The golden yellow glow that has dominated the night for generations is disappearing.
Low pressure sodium has been the standard technology for outdoor lighting for generations. the soft yellow glow is familiar to anyone who has lived in any urban area, coloring lives and countless photographs of the night.
The yellow glow of sodium light has been both celebrated and reviled. While the glow can be attractive in night scenery it also creates inhuman tones in faces and photos of people. Movies have been shot under sodium lights, songs reference the golden glow. Astronomers both professional and amateur prefer the lights as the light can be easily filtered from view.
LPS has been so dominant for several reasons, it was the most power efficient of the available lighting technologies. This allowed more light at lower cost than any other competing technology, a powerful motivator when buying decisions were made by cities, counties and highway departments.
This efficiency comes from the nature of sodium light. In LPS almost all of the light emitted in a wavelength usable by the human eye. That light is emitted at 589nm, a deep yellow. This is far different that most other lighting technologies that emit light at a wide variety of wavelengths. 589nm is relatively near the peak sensitivity of the human eye, making this light preferable for roadway lighting installed for driving safety.
Sodium yellow is also the color of many adaptive optics lasers. Stabbing forth from the observatory these yellow beams excite a layer of sodium atoms found high in the atmosphere to create reference beacons used to analyse atmospheric distortions.
Aside from AO lasers astronomers love low pressure sodium lights because of the monochromatic nature of the light these lamps produce. With the light centered at a very sharp wavelength it is easy to simply remove any signal from your data while the remainder of the spectrum is unpolluted. See a peak at 589nm in your spectrograph data? Ignore it, it is likely to be the light of streetlights from a nearby city or town.
Alternately you could install a filter designed to block the wavelengths of known light pollution sources while allowing other wavelengths through.
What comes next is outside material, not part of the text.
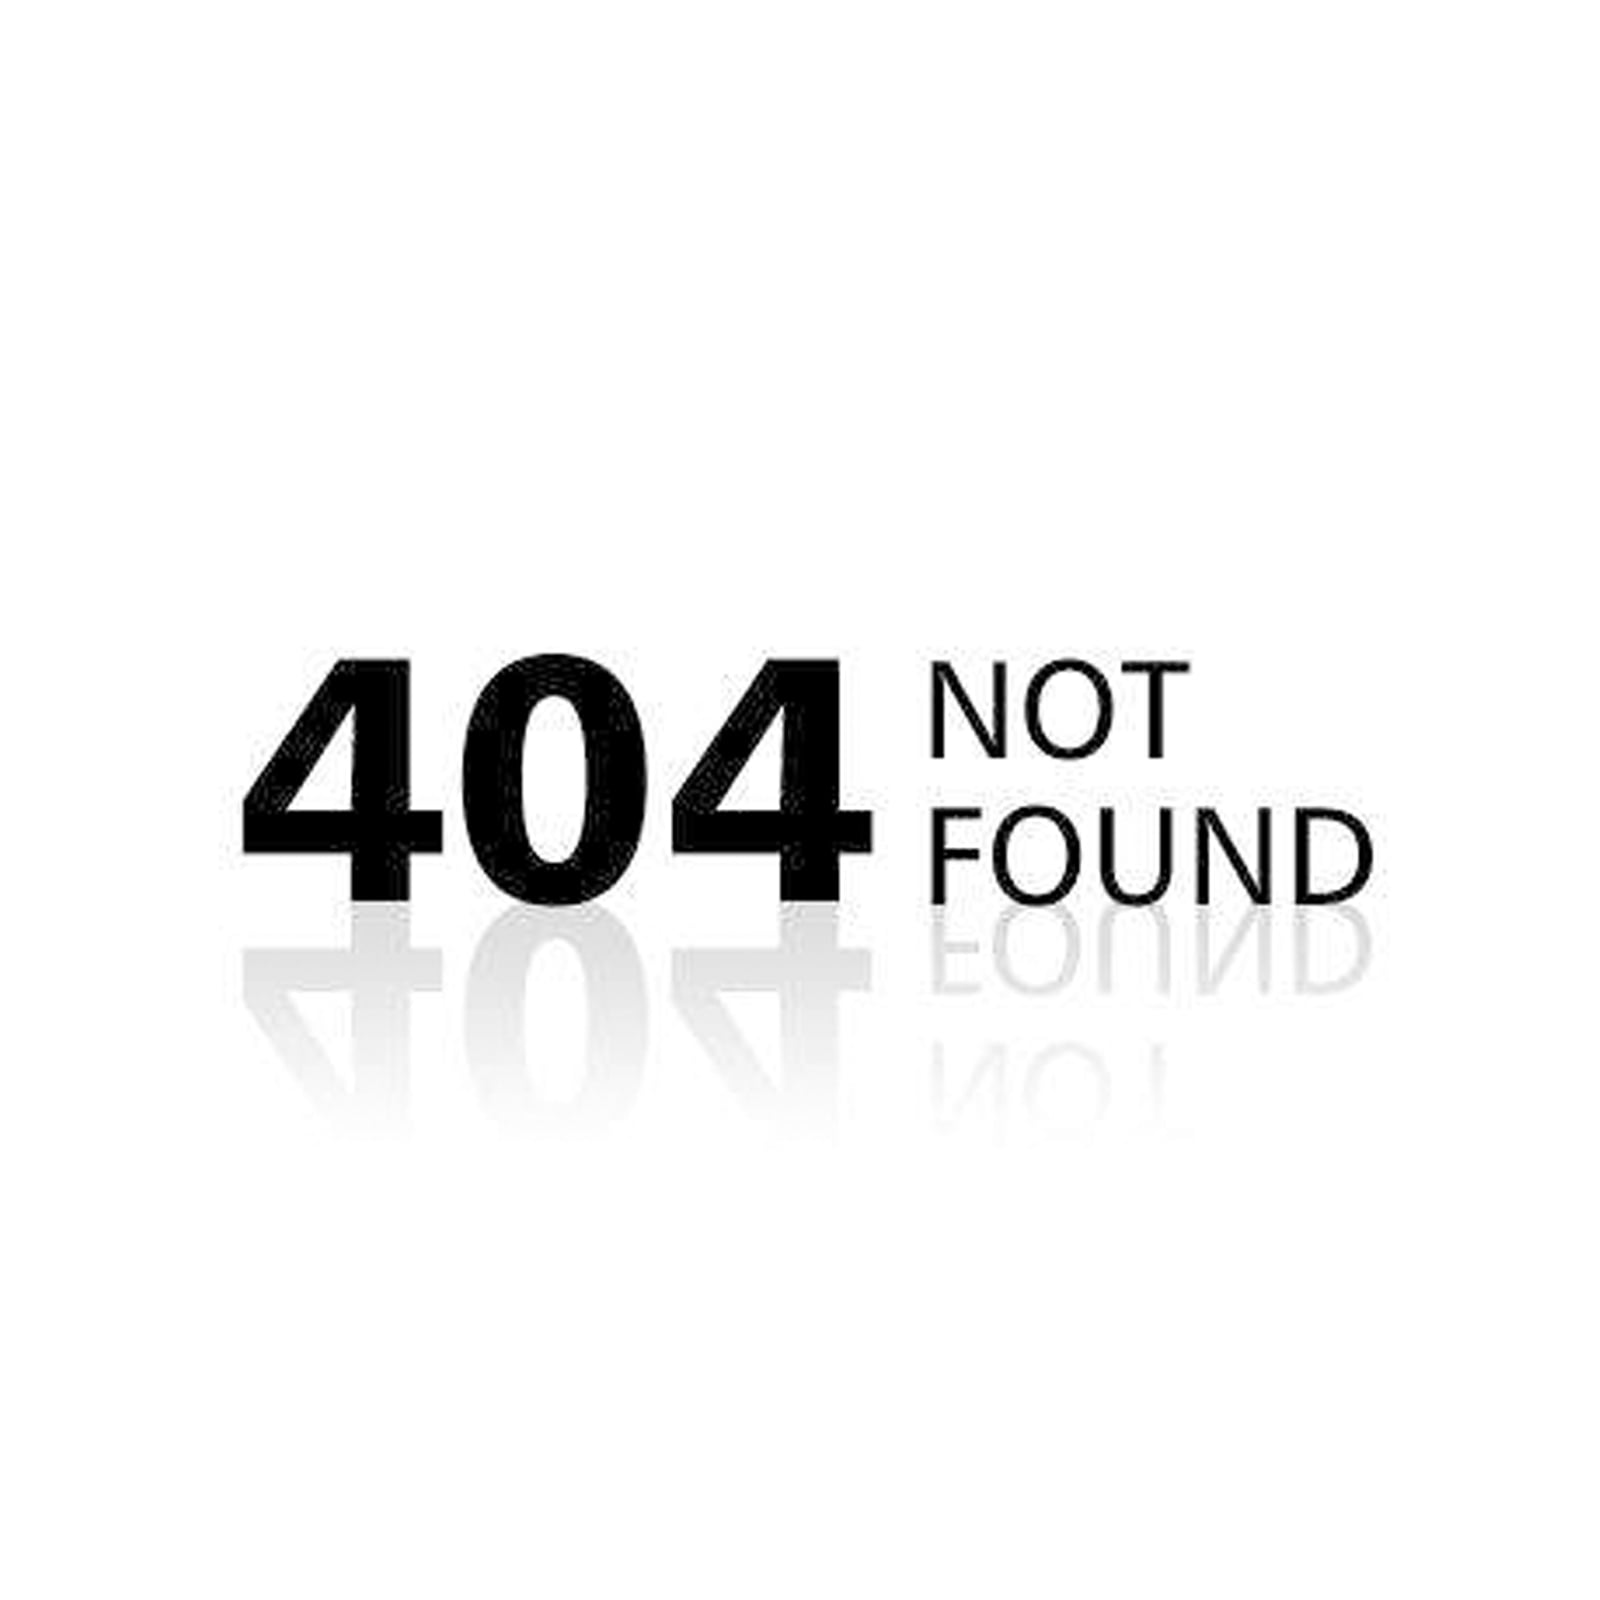 Curl not found. 404 Not found. Логотип 404. 404 Not found картинка. Not found без фона.

Such filters are commonly available in optics catalogs or equipment websites frequented by amateur astronomers. You can simply buy a filter that can be installed on your camera that will block these wavelengths while allowing a clear view of the night sky.
The reign of LPS is coming to en end, as more efficient LED lighting is installed to replace the older technology. With LPS cities are losing their golden glow, becoming brighter and more energy efficient. The change is visible from space, photos taken by space station crews note the white cores of many cities as the central urban areas are changed first.
The new technology on the street, LED based lighting brings many issues. The white or blue-white light of LED is more harmful to human health and wildlife. Many studies note the harmful effects blue light has on our own health, in disrupting our circadian rhythm, to supressing metatonin production, and a wide range of other possible effects.
The issues with LED can be mitigated to some extent. Filters or special phosphor blends can change the spectral content of the lights, removing the more troublesome blue end of the spectrum. This creates a warmer or greener result. while not as harmful, it does at least minimize the issues. The new LED streetlights in Hawaii county are filtered like this. The filters result in a light that looks a bit more like the old LPS, a soft greenish glow in place of the yellow.